LW: You reference specific episodes from the canon (Deanna Troi’s pregnancy from “TNG’s” “The Child,” the Ressikan flute from “Inner Light,” the Bajoran wormhole of “Deep Space Nine,” Picard as Locutus, the Khitomer Accords from “The Undiscovered Country,” the Borg’s pursuit of the Omega Molecule from “Voyager,” etc.). There are literally hundreds of such continuity details in the trilogy. Were all those references from TV shows, movies and novels, or are some of them your own invention? I’m a fan, but I’m sure I couldn’t vet all of them.
DM: Most of the continuity nods peppered throughout the trilogy are from the shows and films, or from previous novels in the shared continuity. When I reference such details, it’s because I think it’s important to provide readers with context for why certain characters feel as they do. In my opinion, the key to using such allusions is to make them as minimalist as possible, while making sure to include whatever key fact made their presence necessary. Above all, their appearance in a story must feel entirely natural; whenever possible, I prefer to integrate them into a scene’s action rather than simply having a character stop and think about their past history.
LW: Talk a bit about the alien races, weapons, ships, etc., that you invented for the trilogy.

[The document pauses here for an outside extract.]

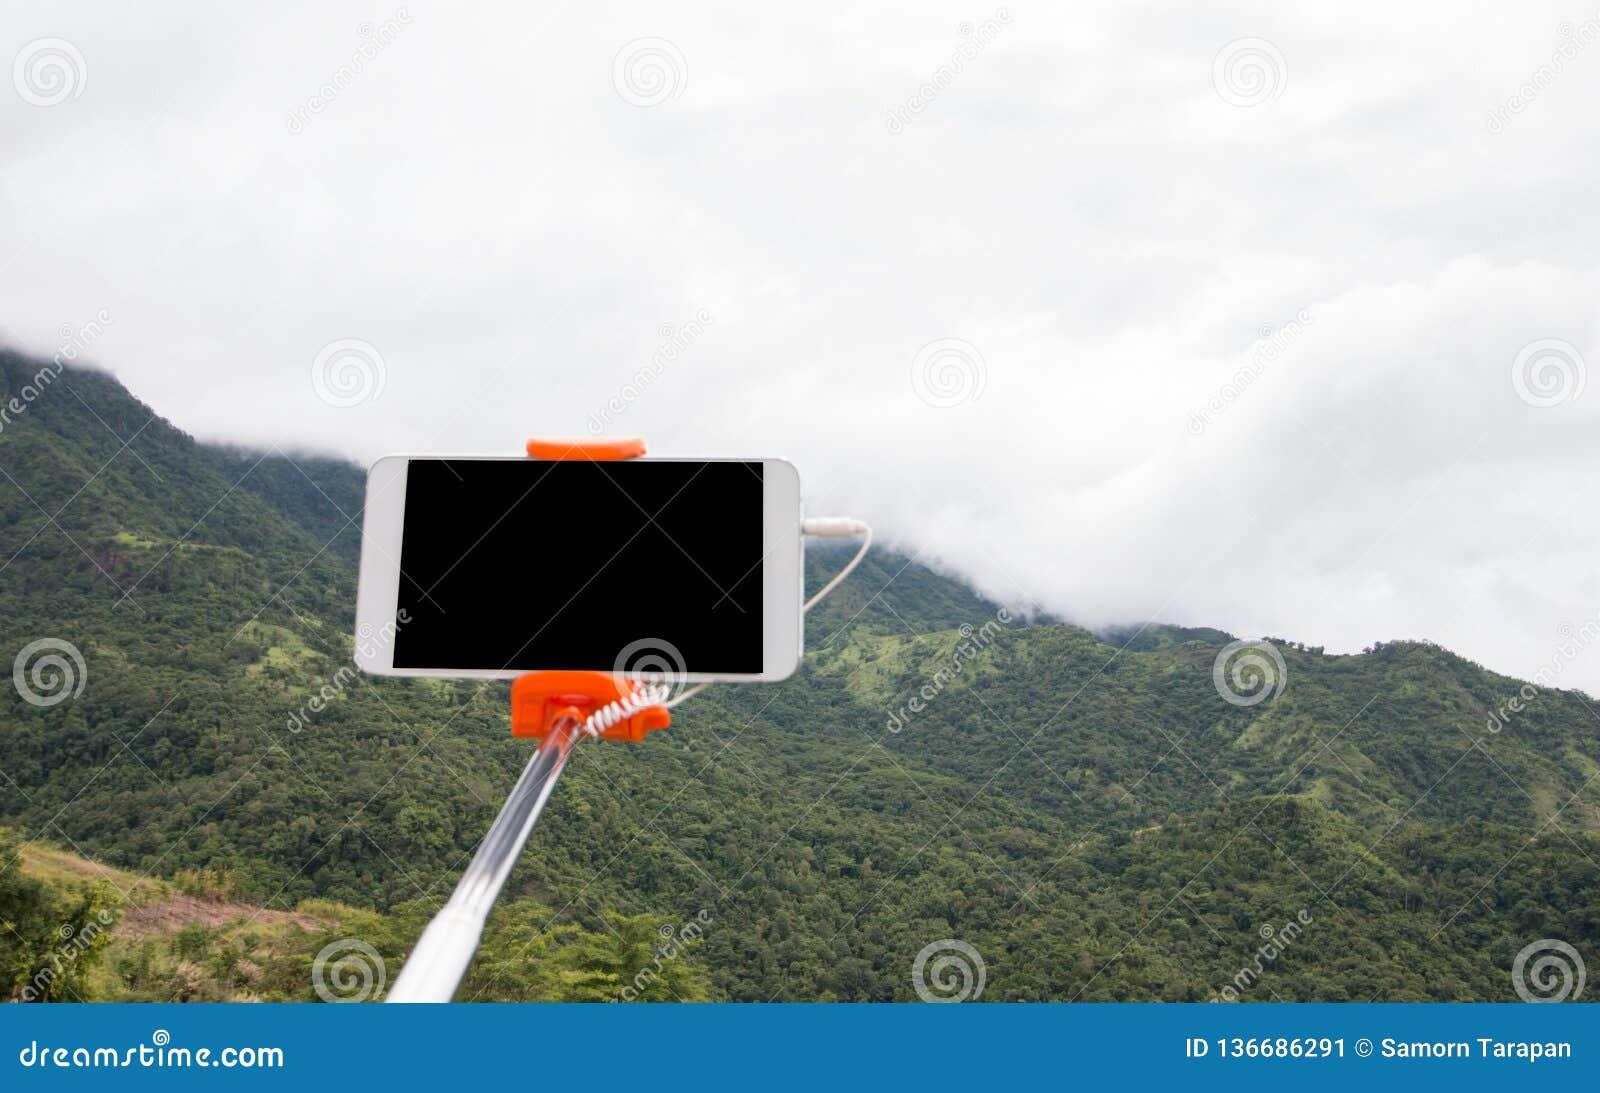 Selfie fotobegrepp: Extensible selfiepinne eller monopod med mobiltelefonen som tar bilden som skjutas på den utomhus- bergsikten

DM: I invented exactly one ship and one alien race/civilization for the “Destiny” trilogy. All the weapons used in the story were depicted on-screen in the episodes or feature films. The trilogy’s first breakout star was its new starship, the Aventine. It is described as a “Vesta-class explorer,” Starfleet’s newest and most cutting-edge starship class, packed with experimental technologies, the most dramatic of which is its test-bed propulsion system, a Quantum Slipstream Drive, usually referred to as simply “slipstream.” In the trilogy I described the Aventine as having a long, sleek, streamlined quality, like a shark. It was later brought to life in a series of beautiful digital images by designer Mark Rademaker.
At the core of the trilogy, however, is the reclusive alien civilization known as the Caeliar. They are vaguely humanoid but have large, bulbous skulls, gangly limbs and curious, tubelike airsacs that drape over their shoulders and feed into their enormous heads. The Caeliar are pacifists and recluses, and their curious brand of morality makes them think it’s OK to hold unwanted visitors hostage forever rather than let them compromise their privacy, but they will also sacrifice themselves en masse to protect those prisoners’ lives in a time of crisis. They are absurdly powerful, arrogant, curious and — though they don’t realize it — culturally stagnant when we first meet them in “Gods of Night.”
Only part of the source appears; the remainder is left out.